[<prev] [next>] [day] [month] [year] [list]
Message-ID: <74cdf283-cc4f-40e7-9cee-a90939eba38d@I-love.SAKURA.ne.jp>
Date: Sun, 4 Aug 2024 18:48:10 +0900
From: Tetsuo Handa <penguin-kernel@...ove.SAKURA.ne.jp>
To: Ingo Molnar <mingo@...hat.com>, Juri Lelli <juri.lelli@...hat.com>,
Vincent Guittot <vincent.guittot@...aro.org>,
Peter Zijlstra <peterz@...radead.org>, Kees Cook <kees@...nel.org>,
Linus Torvalds <torvalds@...ux-foundation.org>
Cc: LKML <linux-kernel@...r.kernel.org>
Subject: [PATCH] profiling: remove profile=sleep support
The kernel sleep profile is no longer working due to a recursive locking
bug introduced by commit 42a20f86dc19 ("sched: Add wrapper for get_wchan()

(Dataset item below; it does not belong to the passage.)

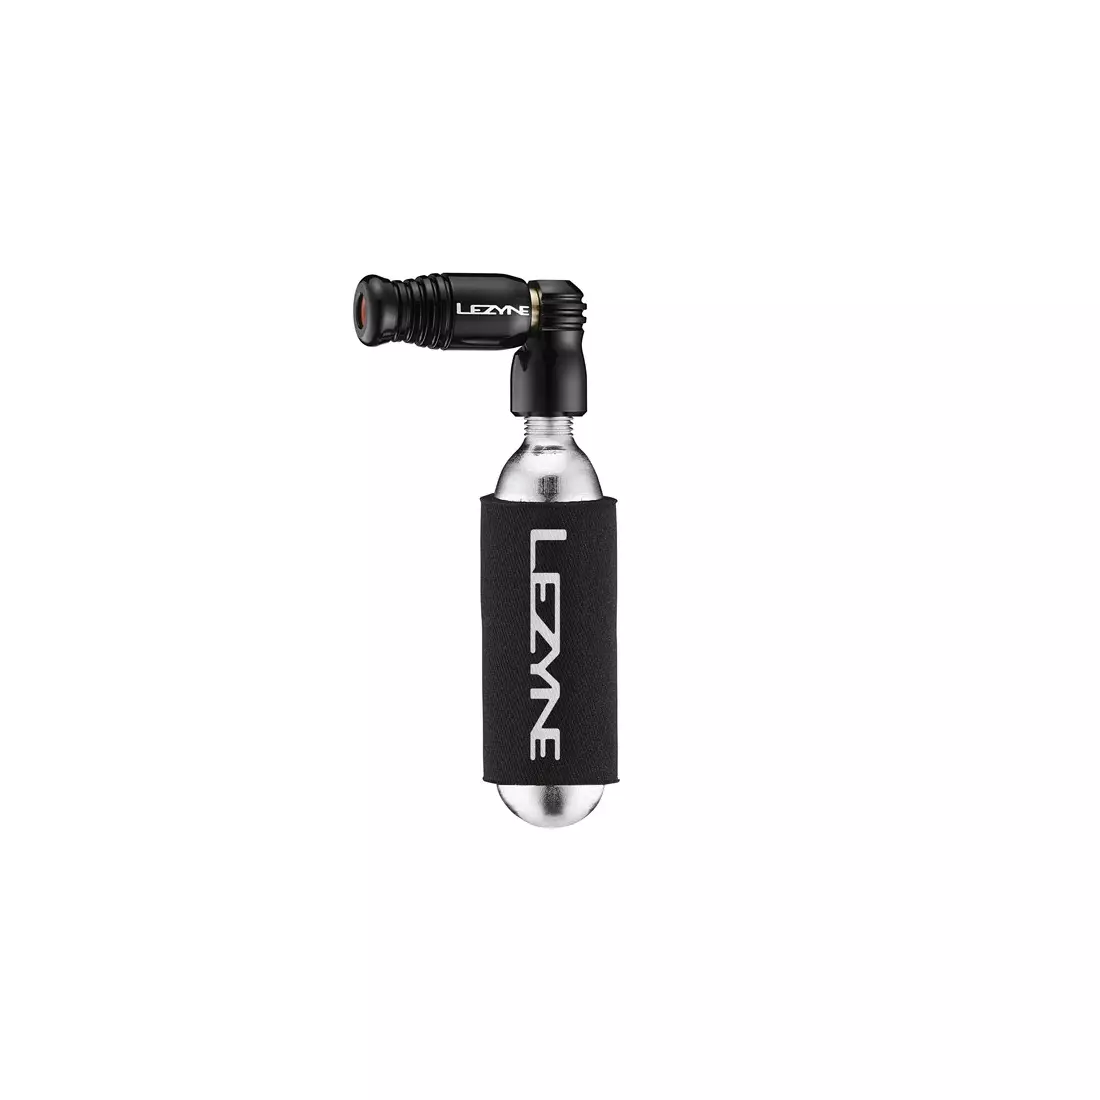 LEZYNE hand bicycle pump trigger speed drive co2 + gas cartridge 16g black LZN-1-C2-TRSDR-V104

to keep task blocked"); either booting with
profile=sleep
kernel command line option added or executing
# echo -n sleep > /sys/kernel/profiling
after boot causes the system to lock up.
============================================
WARNING: possible recursive locking detected
5.15.0-rc4+ #104 Not tainted
--------------------------------------------
kthreadd/3 is trying to acquire lock:
ffff93ac82e08d58 (&p->pi_lock){....}-{2:2}, at: get_wchan+0x32/0x70
but task is already holding lock:
ffff93ac82e08d58 (&p->pi_lock){....}-{2:2}, at: try_to_wake_up+0x53/0x370
other info that might help us debug this:
Possible unsafe locking scenario:
CPU0
----
lock(&p->pi_lock);
lock(&p->pi_lock);
*** DEADLOCK ***
May be due to missing lock nesting notation
3 locks held by kthreadd/3:
#0: ffffae5ac2833d68 (&x->wait){....}-{2:2}, at: complete+0x18/0x40
#1: ffff93ac82e08d58 (&p->pi_lock){....}-{2:2}, at: try_to_wake_up+0x53/0x370
#2: ffff93ad29fe9458 (&rq->__lock){-...}-{2:2}, at: try_to_wake_up+0x19f/0x370
stack backtrace:
CPU: 0 PID: 3 Comm: kthreadd Not tainted 5.15.0-rc4+ #104
Hardware name: VMware, Inc. VMware Virtual Platform/440BX Desktop Reference Platform, BIOS 6.00 11/12/2020
Call Trace:
dump_stack_lvl+0x57/0x72
validate_chain.cold+0x122/0x127
__lock_acquire+0x4d2/0x930
lock_acquire+0xc8/0x2f0
? get_wchan+0x32/0x70
? rcu_read_lock_sched_held+0x3f/0x80
_raw_spin_lock_irq+0x47/0x90
? get_wchan+0x32/0x70
get_wchan+0x32/0x70
__update_stats_enqueue_sleeper+0x151/0x430
enqueue_entity+0x4b0/0x520
enqueue_task_fair+0x92/0x6b0
? lock_is_held_type+0xa7/0x120
ttwu_do_activate+0x73/0x140
try_to_wake_up+0x213/0x370
swake_up_locked+0x20/0x50
complete+0x2f/0x40
? __cancel_work_timer+0x1b0/0x1b0
kthread+0xfb/0x180
? set_kthread_struct+0x40/0x40
ret_from_fork+0x22/0x30
However, since nobody noticed this regression for more than 2 years, let's
remove profile=sleep support based on an assumption that nobody needs this
functionality.
Fixes: 42a20f86dc19 ("sched: Add wrapper for get_wchan() to keep task blocked")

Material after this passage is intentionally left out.